### ACTIVITY
Transcribe the whole listing exactly; the images stay out.

··· INPUT DATA

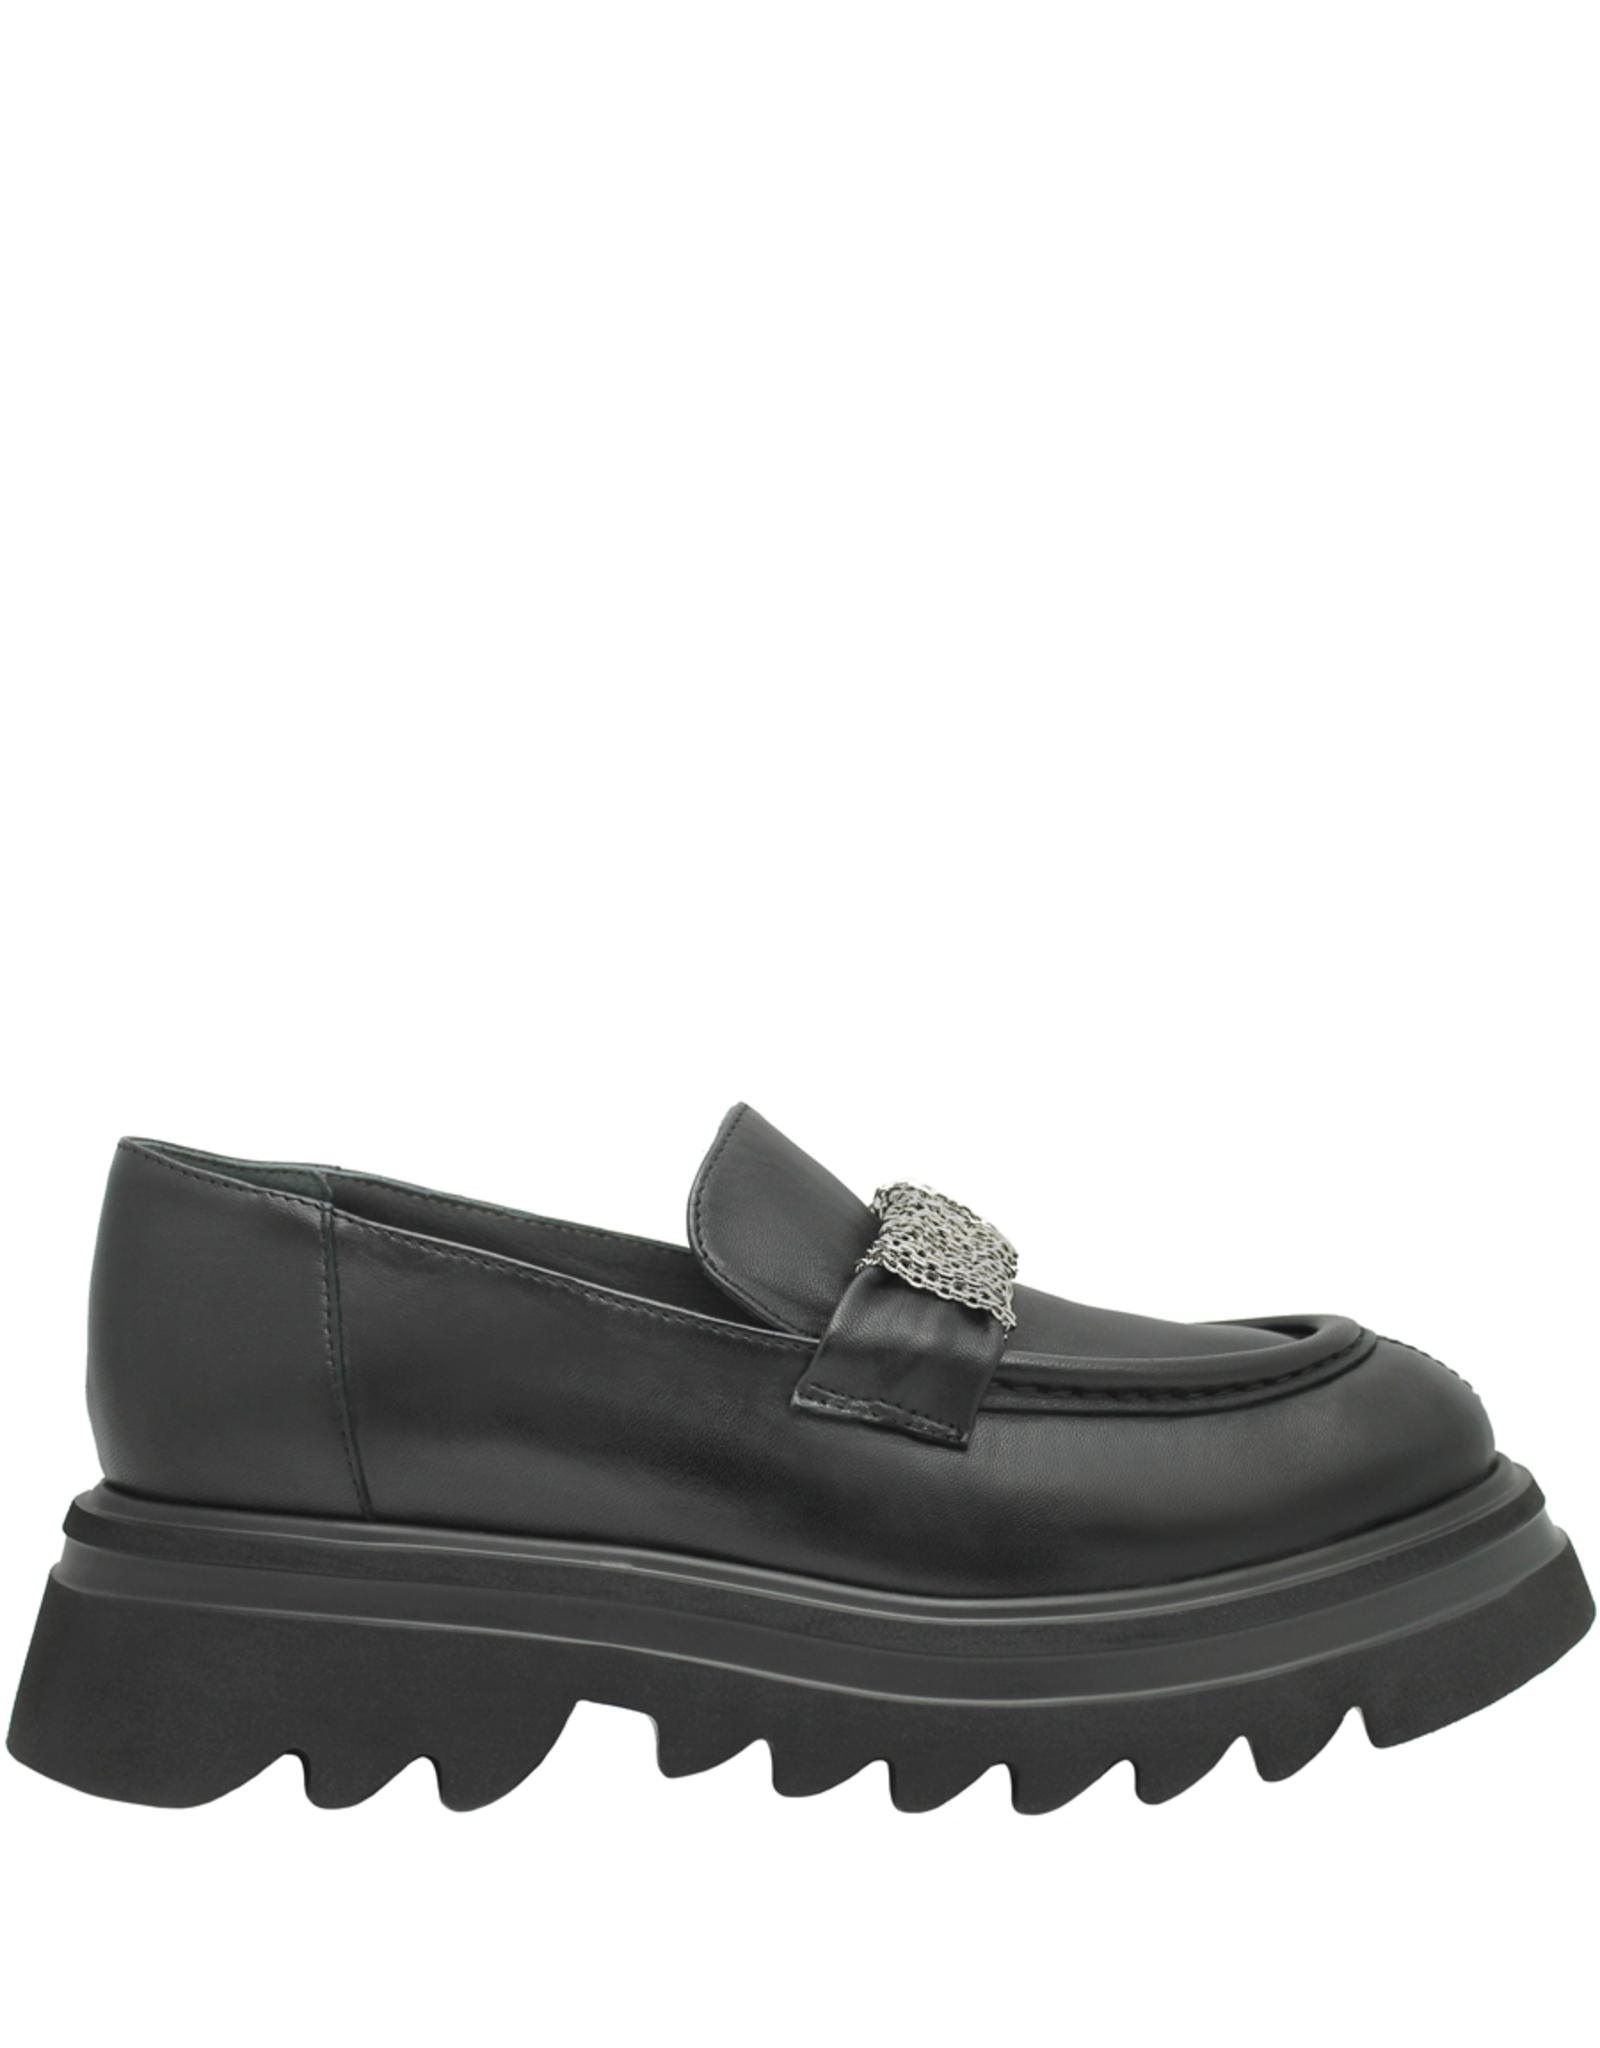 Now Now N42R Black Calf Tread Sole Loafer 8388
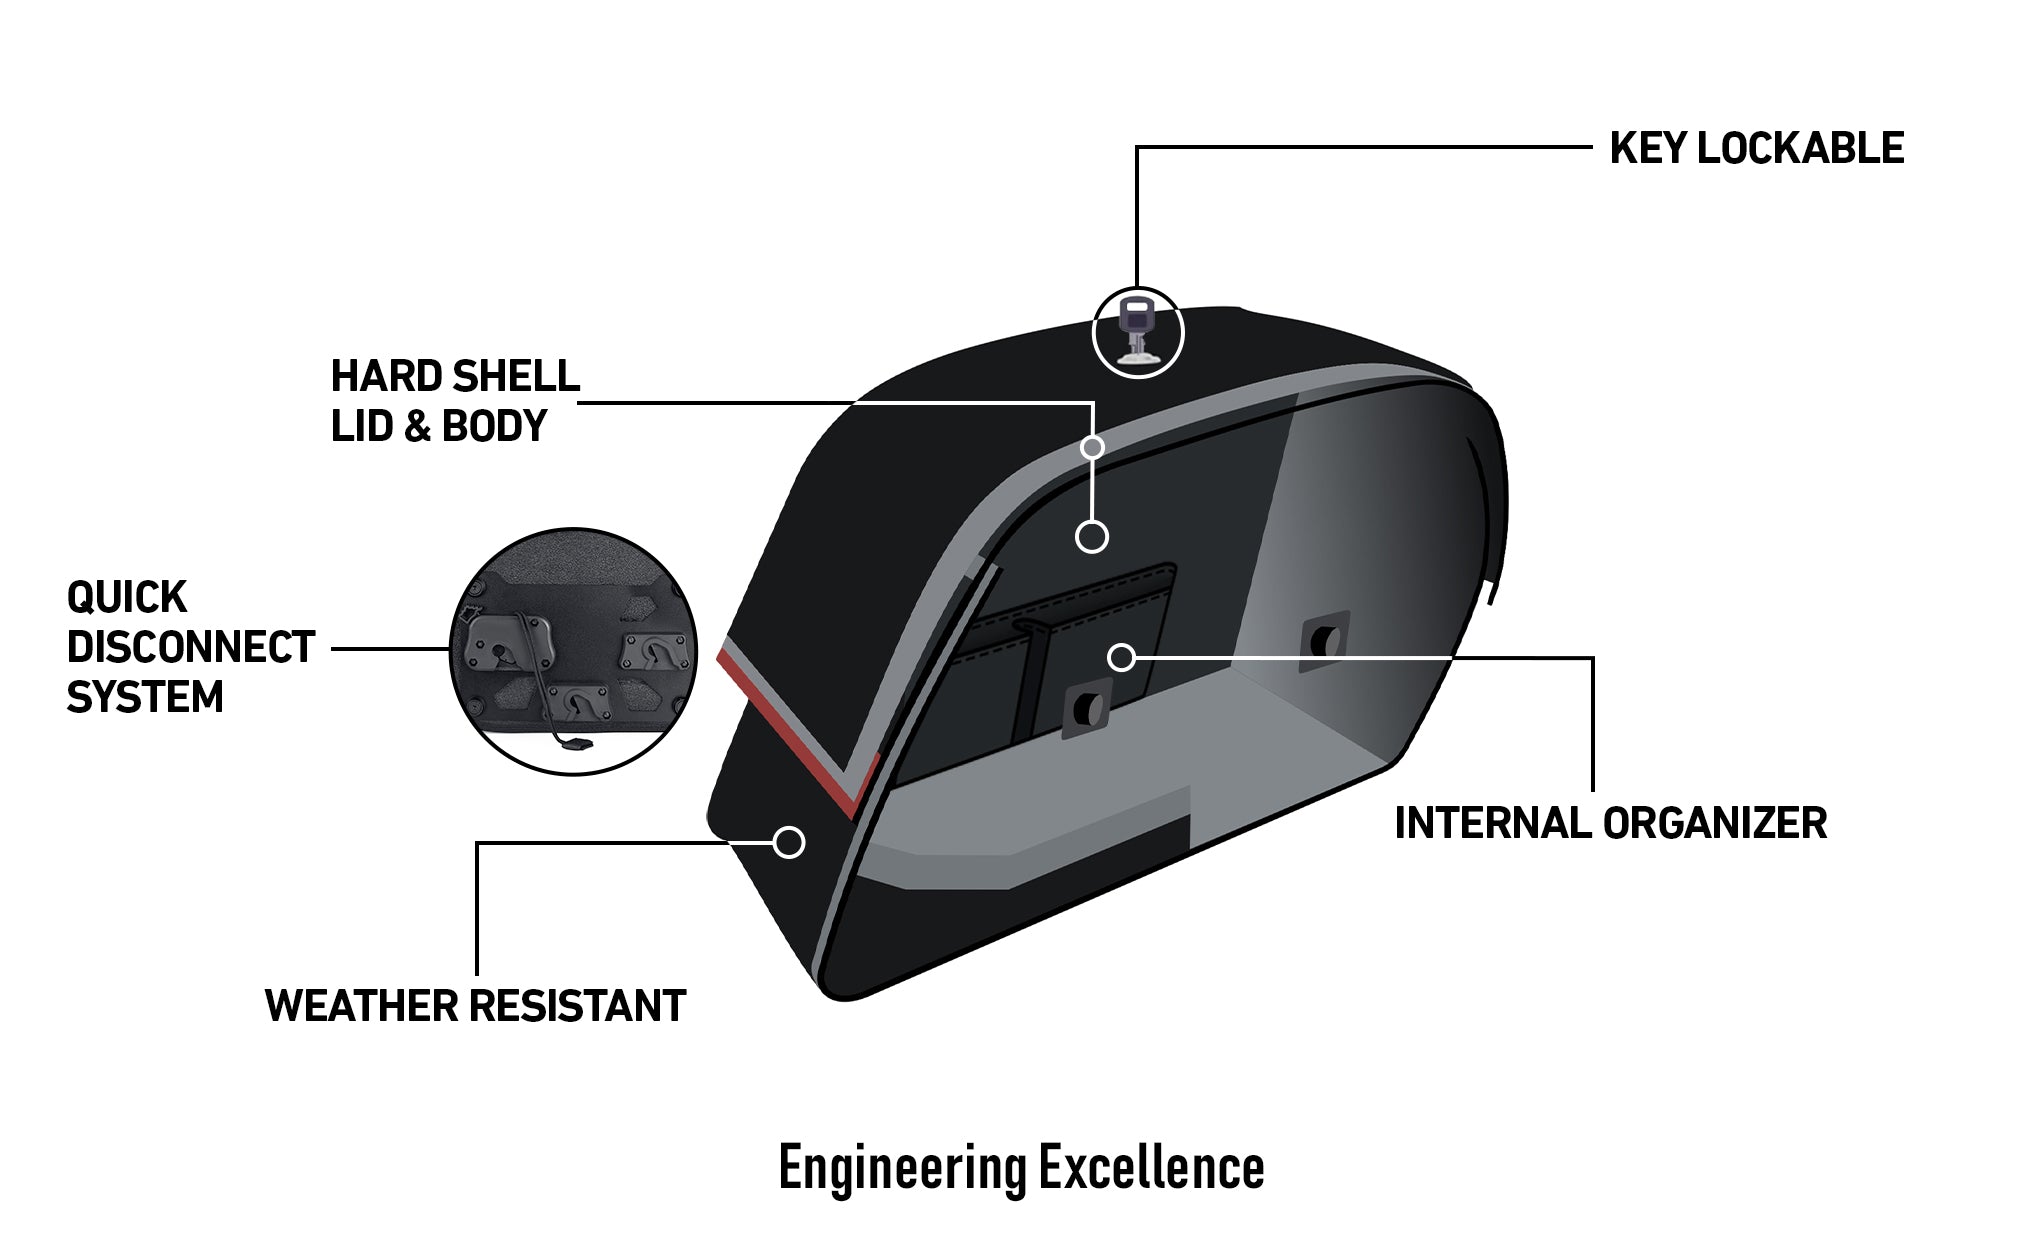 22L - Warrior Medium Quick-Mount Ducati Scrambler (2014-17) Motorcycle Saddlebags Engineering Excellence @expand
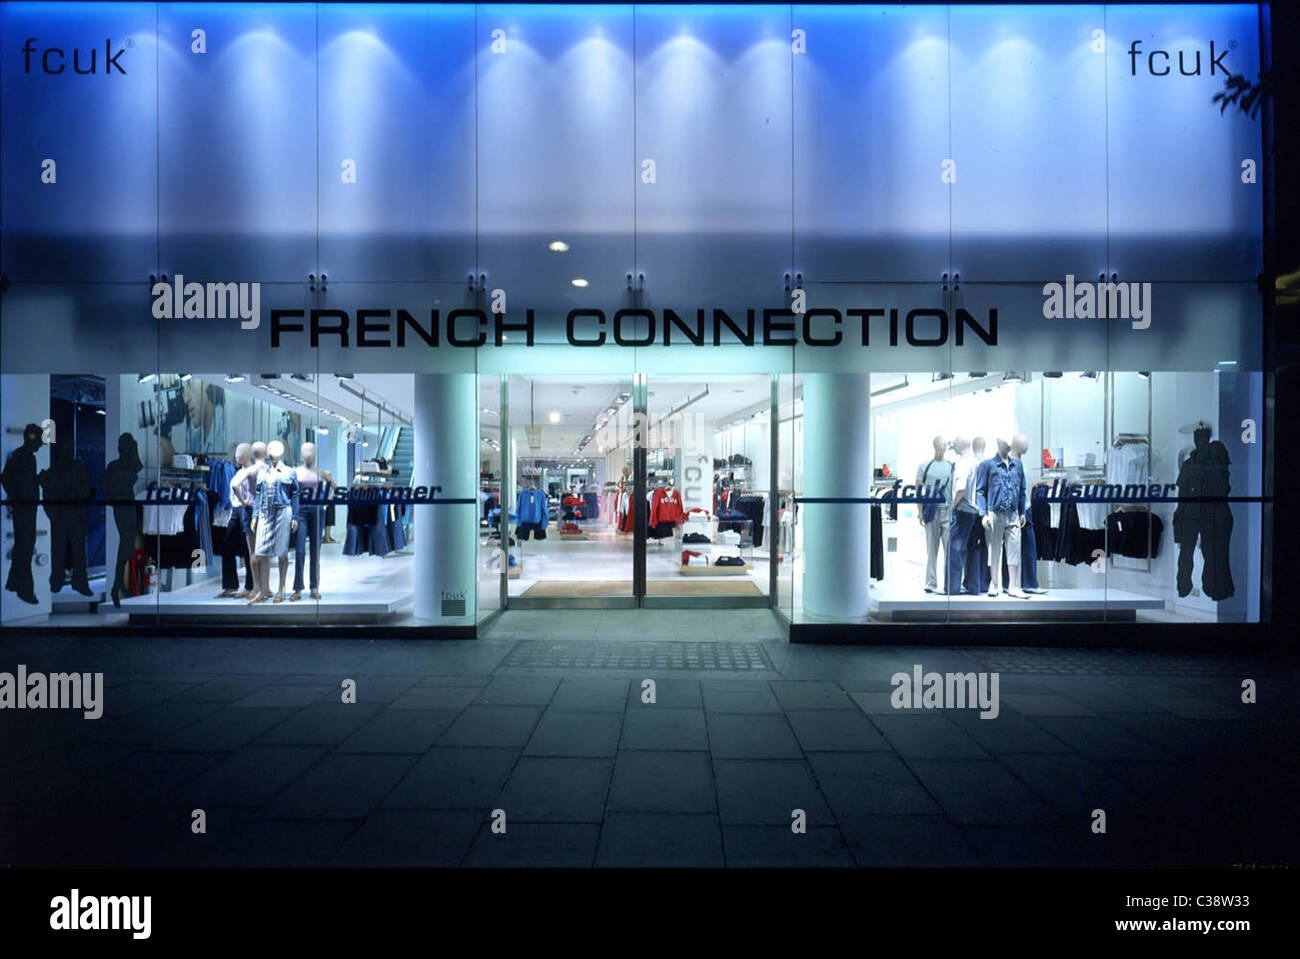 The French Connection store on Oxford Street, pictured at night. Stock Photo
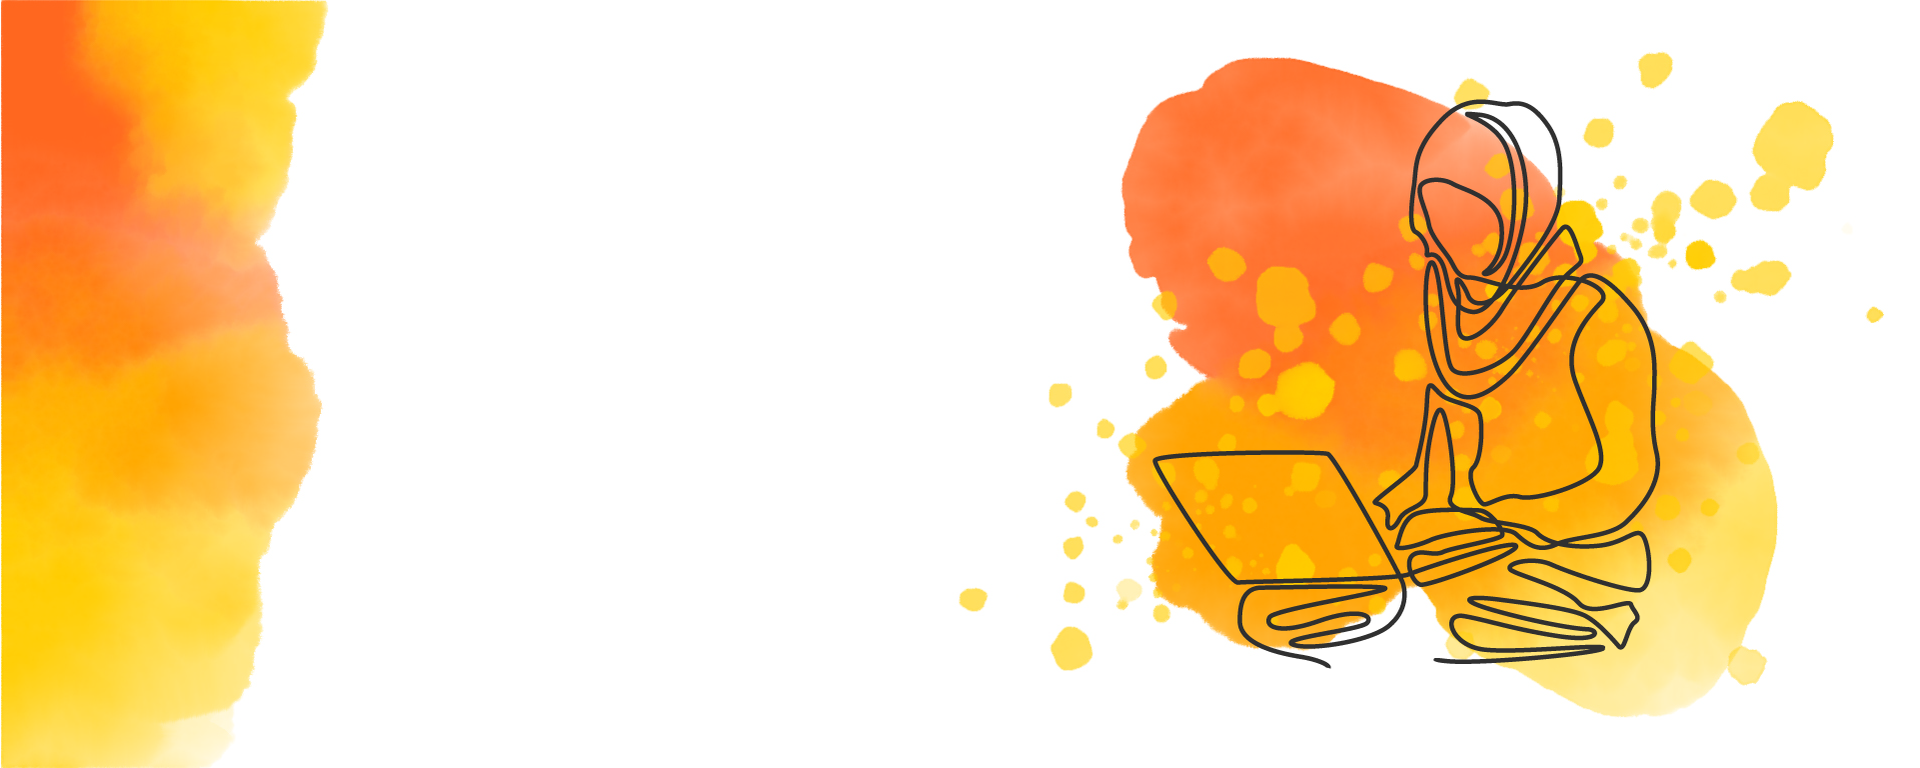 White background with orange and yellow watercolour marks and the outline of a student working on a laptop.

······

### EXERCISE RESPONSE
 Now Now N42R Black Calf Tread Sole Loafer 8388
 22L - Warrior Medium Quick-Mount Ducati Scrambler (2014-17) Motorcycle Saddlebags Engineering Excellence @expand
 The French Connection store on Oxford Street, pictured at night. Stock Photo
 White background with orange and yellow watercolour marks and the outline of a student working on a laptop.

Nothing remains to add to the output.